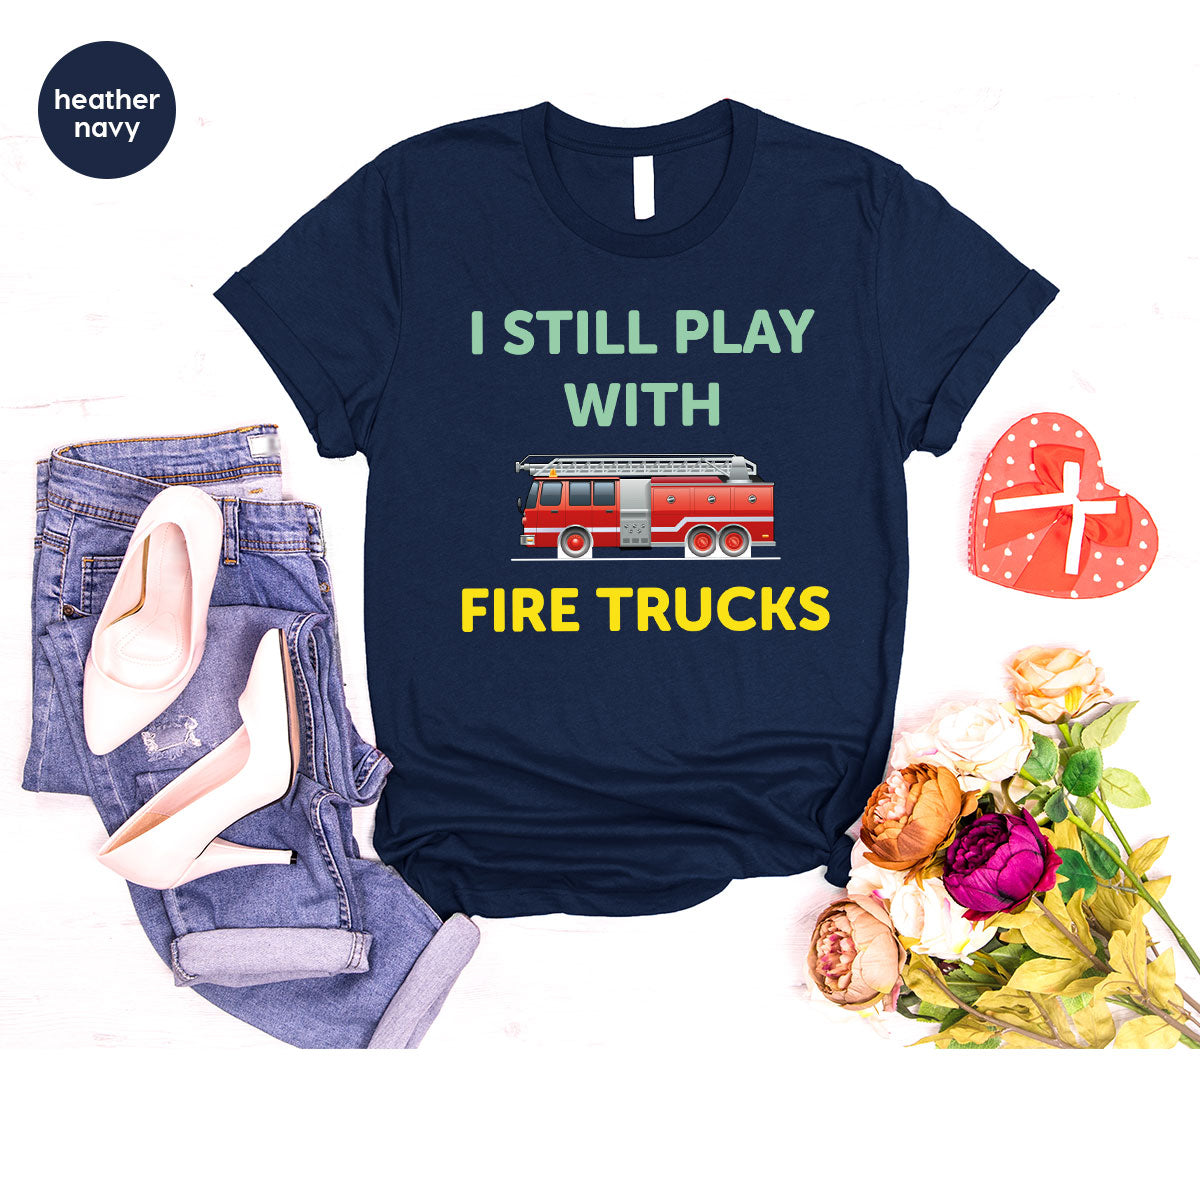 Fire Truck Shirt, Funny Fire Fighter T-Shirt, Fireman Tee
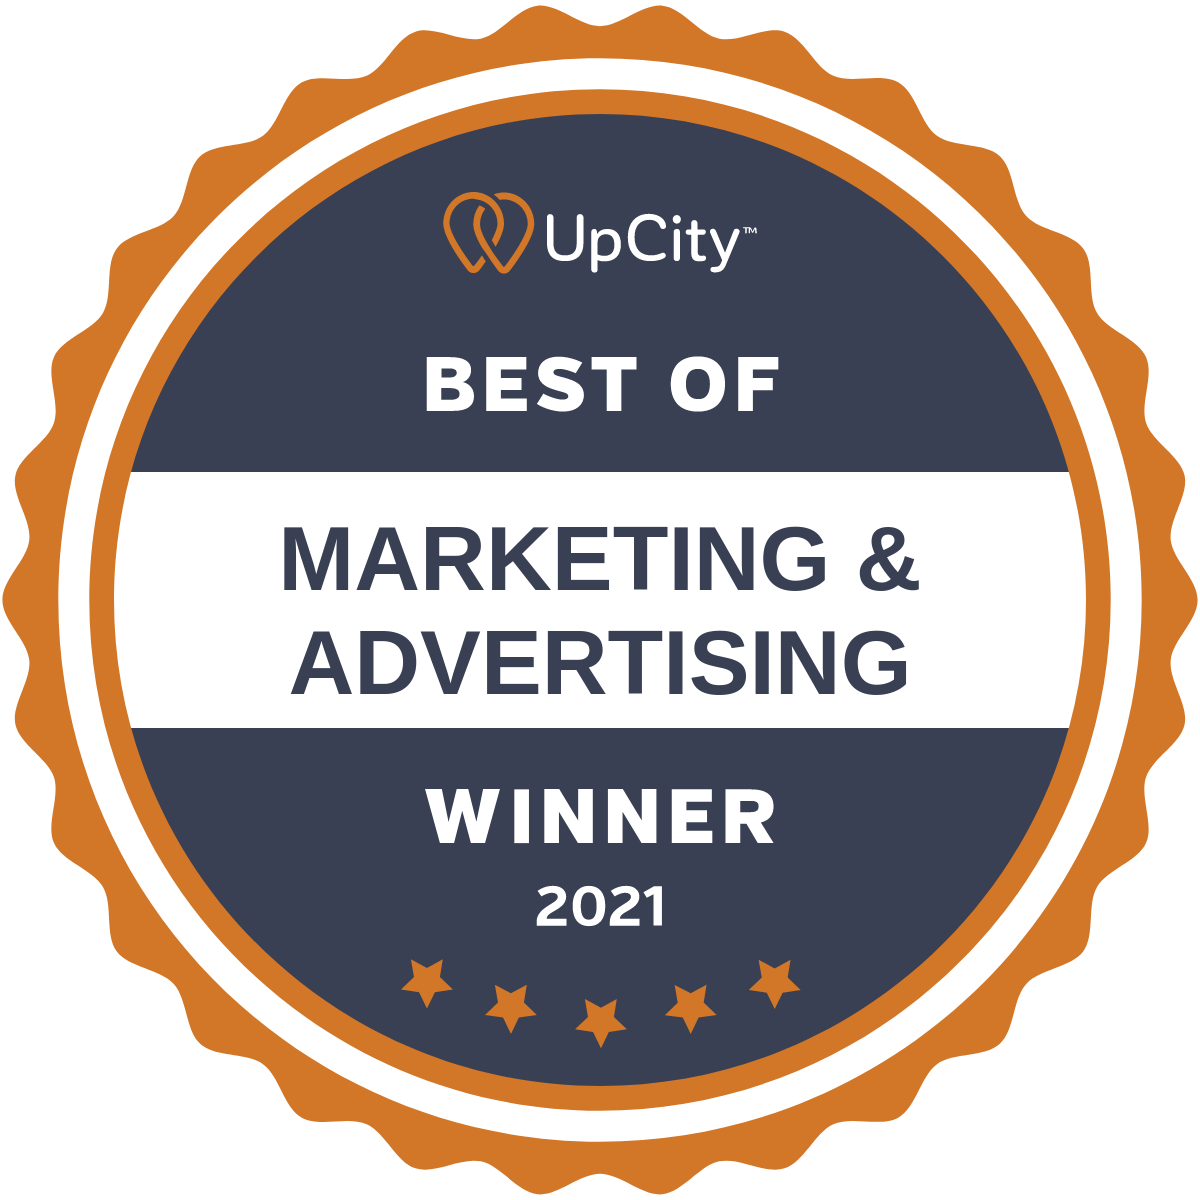 Best of Marketing & Advertising Winner
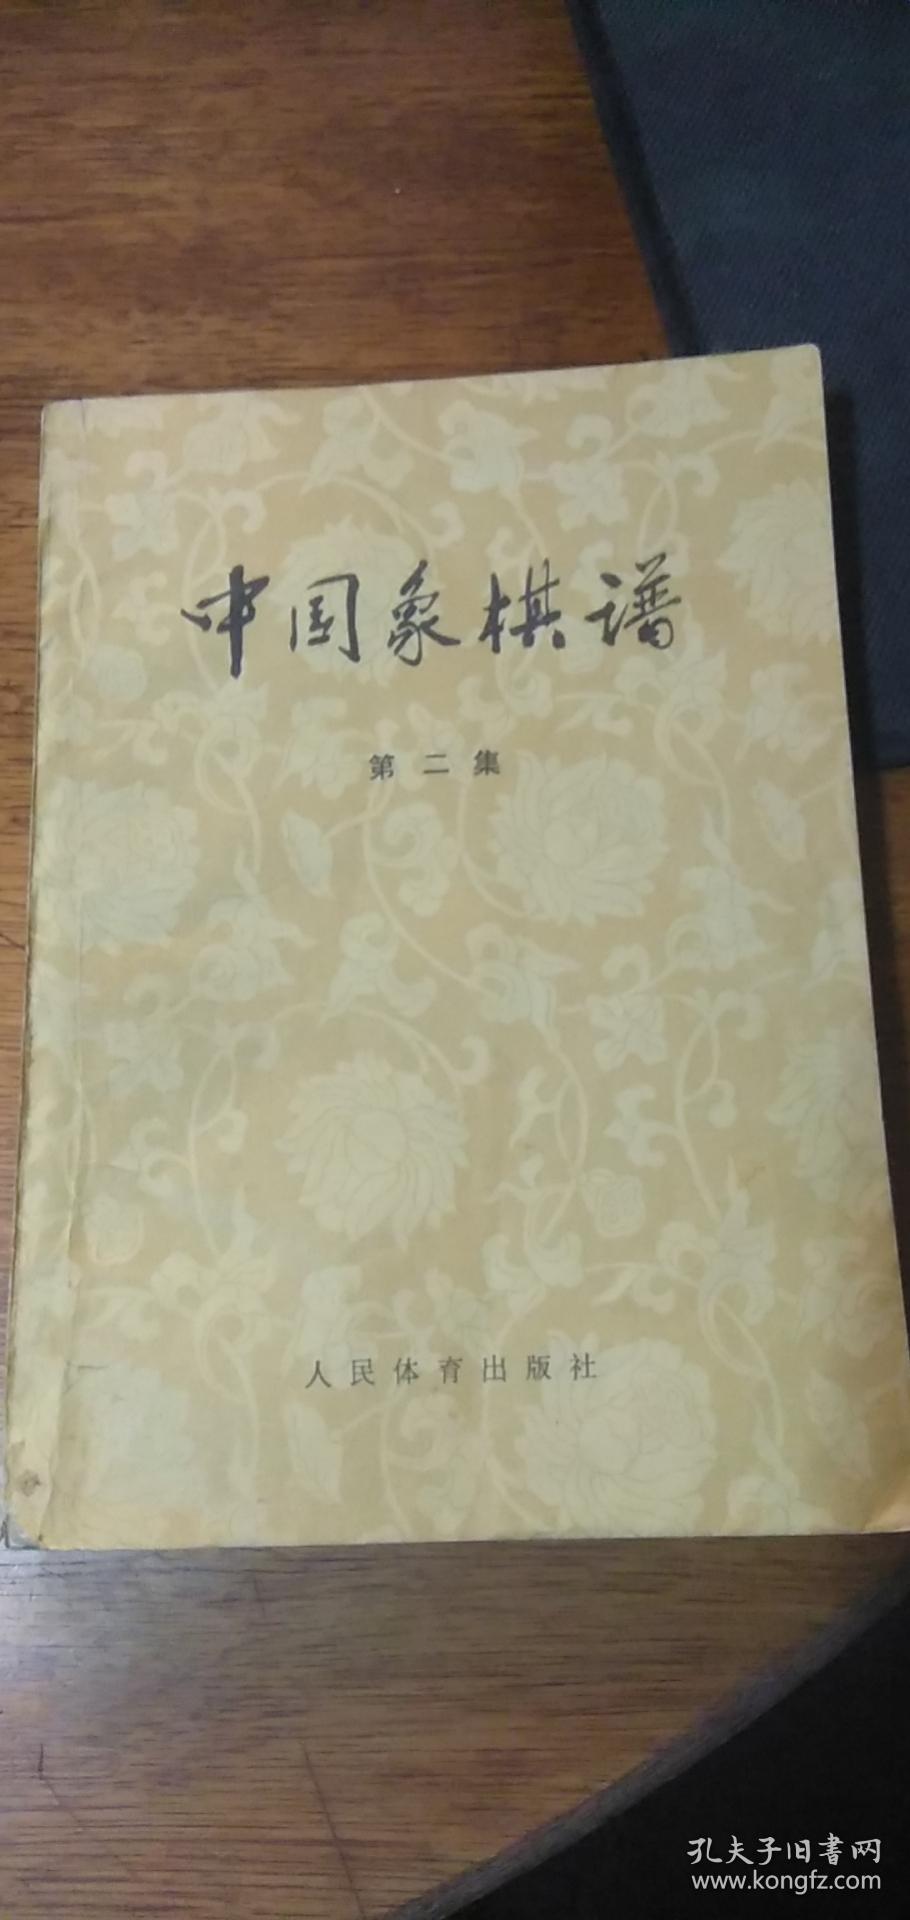 中国象棋谱《第2集》1959年1版1979版7印私藏自然旧
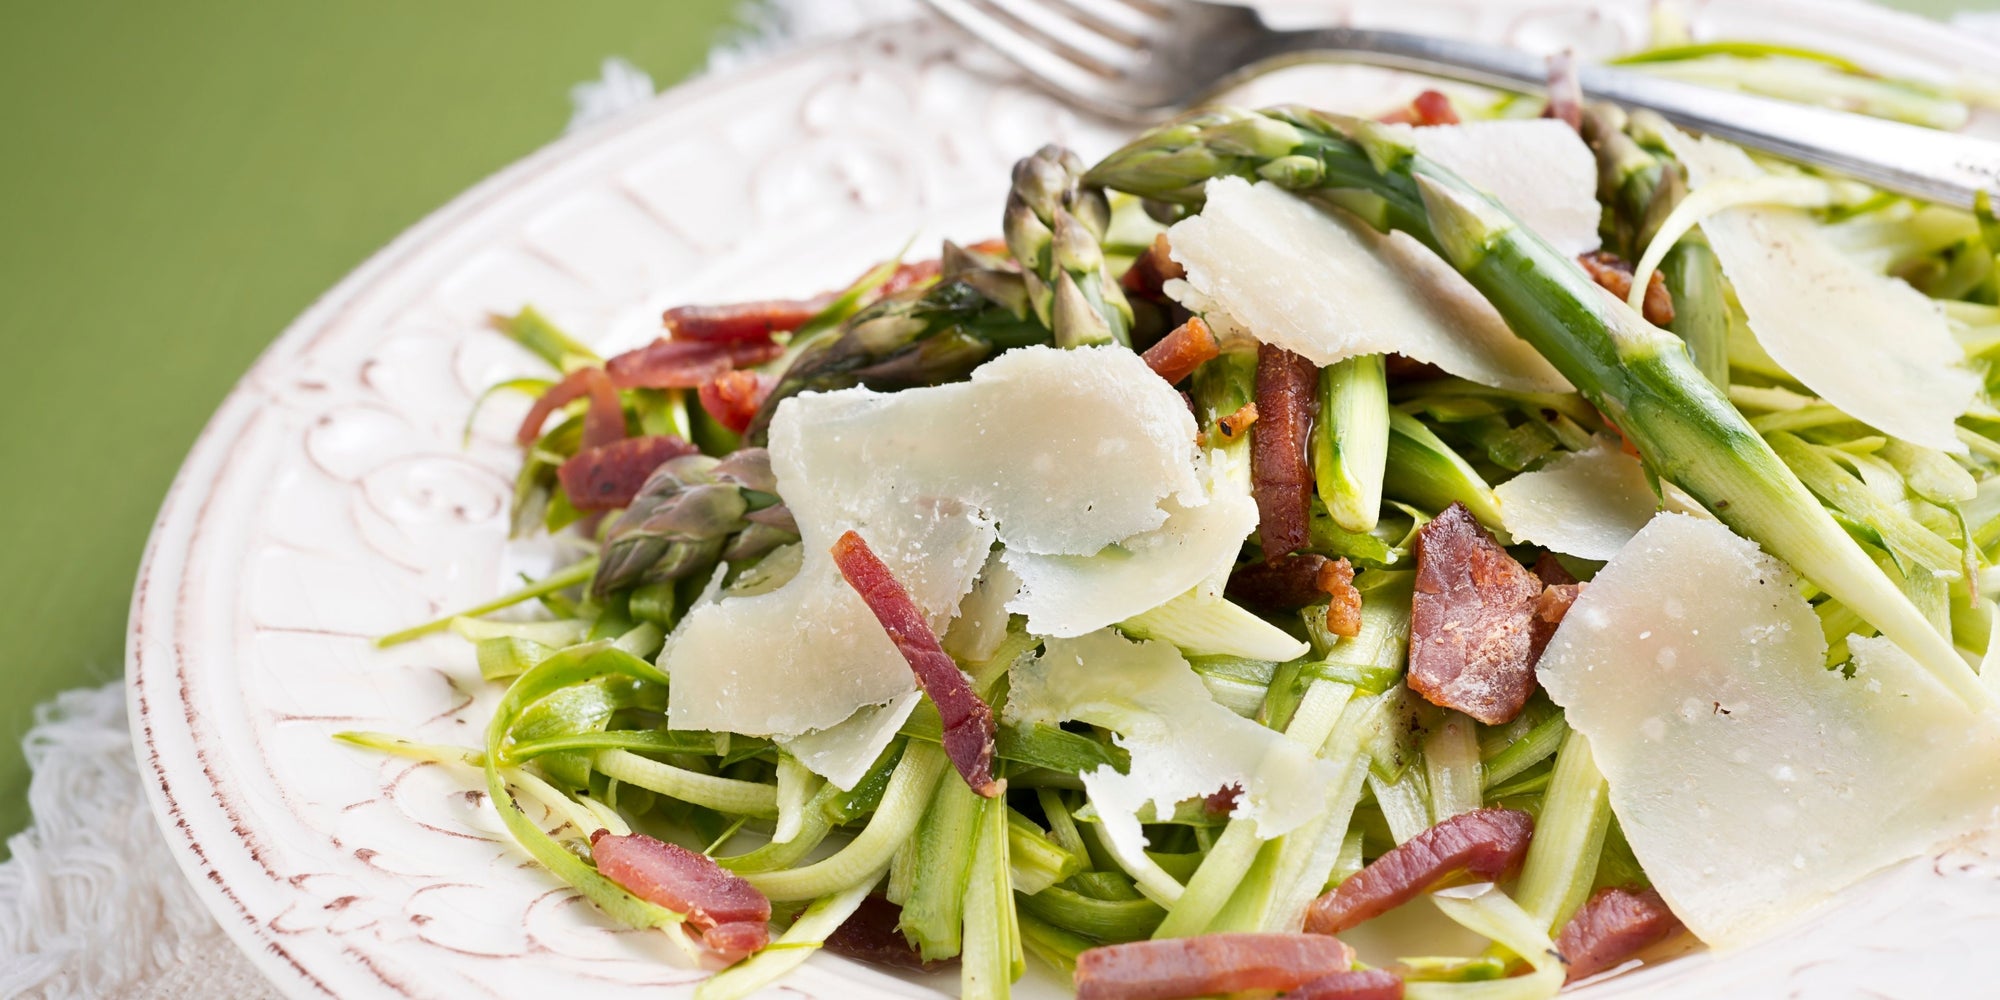 Fennel and Asparagus Salad

▶ _WHAT THE TASK ASKS_:
Transcribe exactly the span of lines from the line holding "中国象棋谱《第2集》1959年1版1979版7印私藏自然旧" through the last line above, both included. Pictures stay out.

▶ _RESPONSE BOX_:
 中国象棋谱《第2集》1959年1版1979版7印私藏自然旧
 Fennel and Asparagus Salad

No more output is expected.